Court Opinion

ID: 9624488
Source: CourtListenerOpinion
Date Created: 2023-08-22 07:04:54.46709+00
Date Added: 2024-06-11T18:05:48.098272
License: Public Domain

MOSK, J.
I dissent.
The majority take one more step toward the total infusion of negligence theories into the previously independent doctrine of products liability. As I feared when a narrow majority of the court strayed from principle in Daly v. General Motors Corp. (1978) 20 Cal.3d 725, 757 [144 Cal.Rptr. 380, 575 P.2d 1162], the “pure concept of products liability so pridefully fashioned and nurtured by this court for the past decade and a half is reduced to a shambles.”
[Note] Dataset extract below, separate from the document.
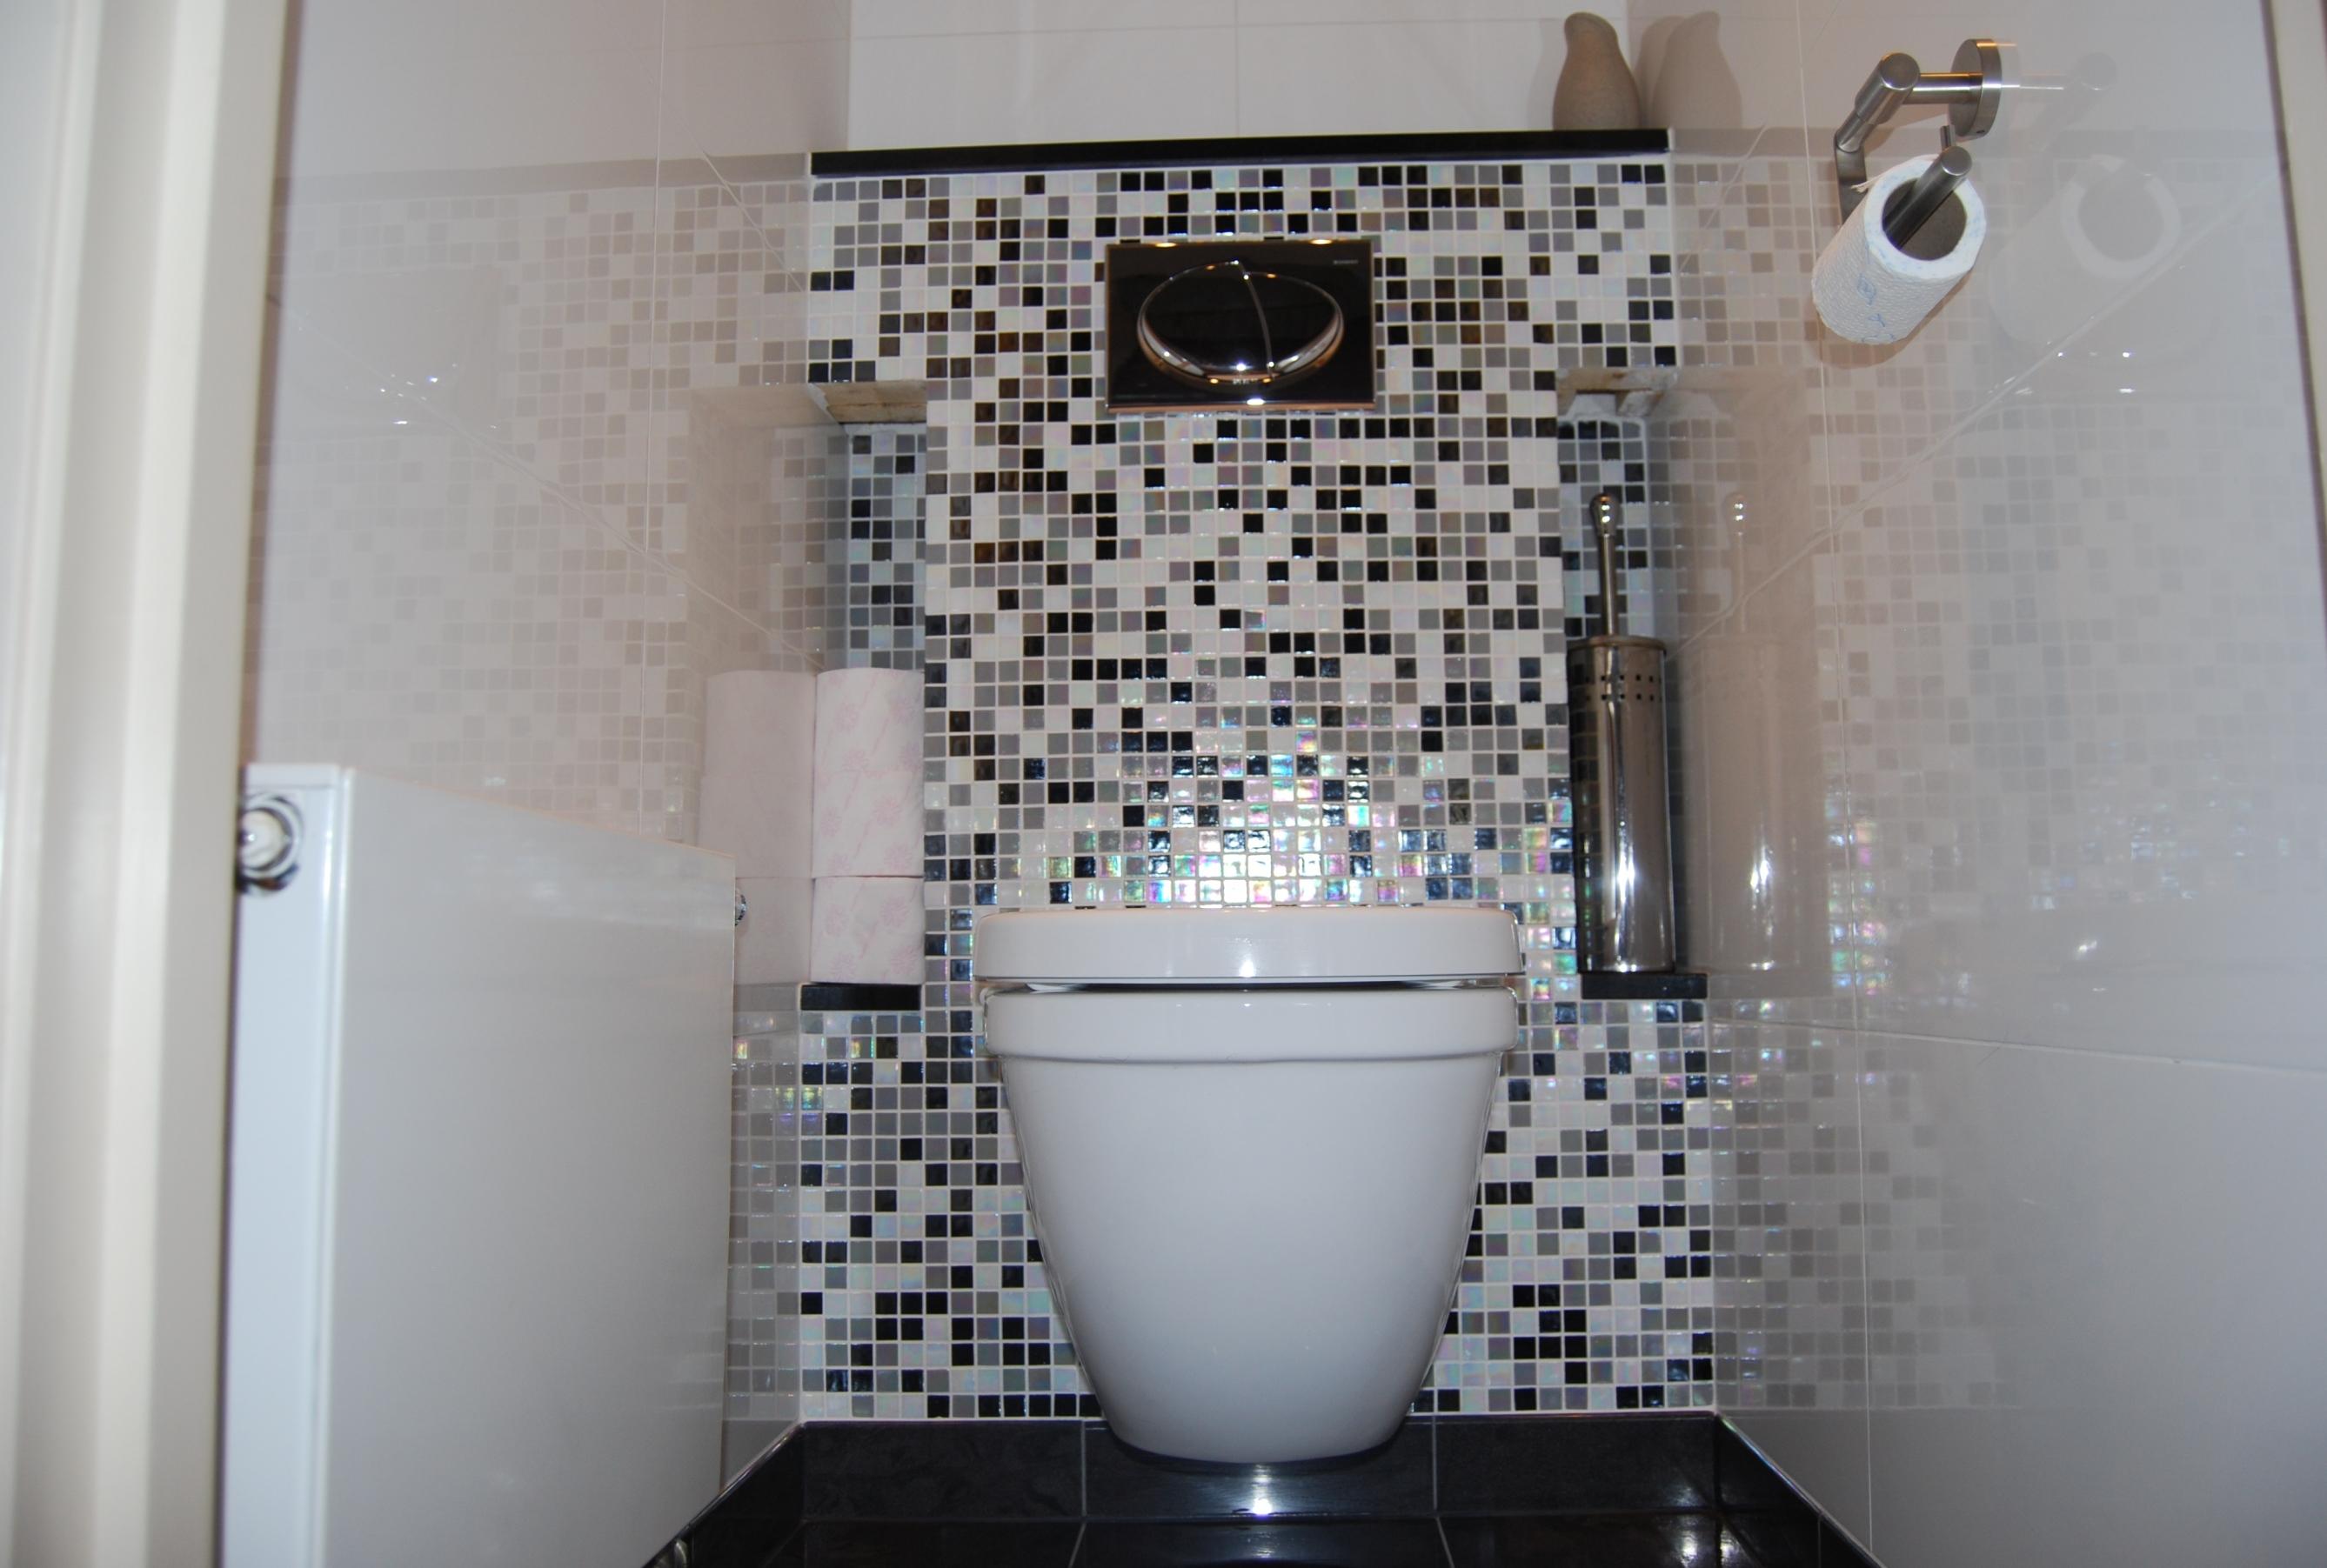 Badkamer toilet keuken verbouwen metsel en tegelbedr m lankreijer - Tegel model voor wc ...

In Daly the manufacturer that launched the defective product into the stream of commerce was able to dilute its responsibility by placing in *336issue the conduct of the plaintiff. Now the majority allow the manufacturer additional dilution: to also place in issue the conduct of other defendants.
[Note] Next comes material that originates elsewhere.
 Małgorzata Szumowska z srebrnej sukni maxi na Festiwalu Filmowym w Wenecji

This trend can have no result other than to emasculate the doctrine of strict products liability. Indeed, in practice negligence and strict products liability are becoming virtually indistinguishable, a result long resisted by courts concerned with protection of consumers, and a result long sought by manufacturers and insurance carriers. In accomplishing that purpose this court has repudiated the lesson of Justice Traynor who, when he developed the new tort in Greenman v. Yuba Power Products, Inc. (1963) 59 Cal.2d 57, 63 [27 Cal.Rptr. 697, 377 P.2d 897, 13 A.L.R.3d 1049], wrote that “[t]he purpose of such liability is to insure that the costs of injuries resulting from defective products are borne by the manufacturers that put such products on the market....”
Bird, C. J., concurred.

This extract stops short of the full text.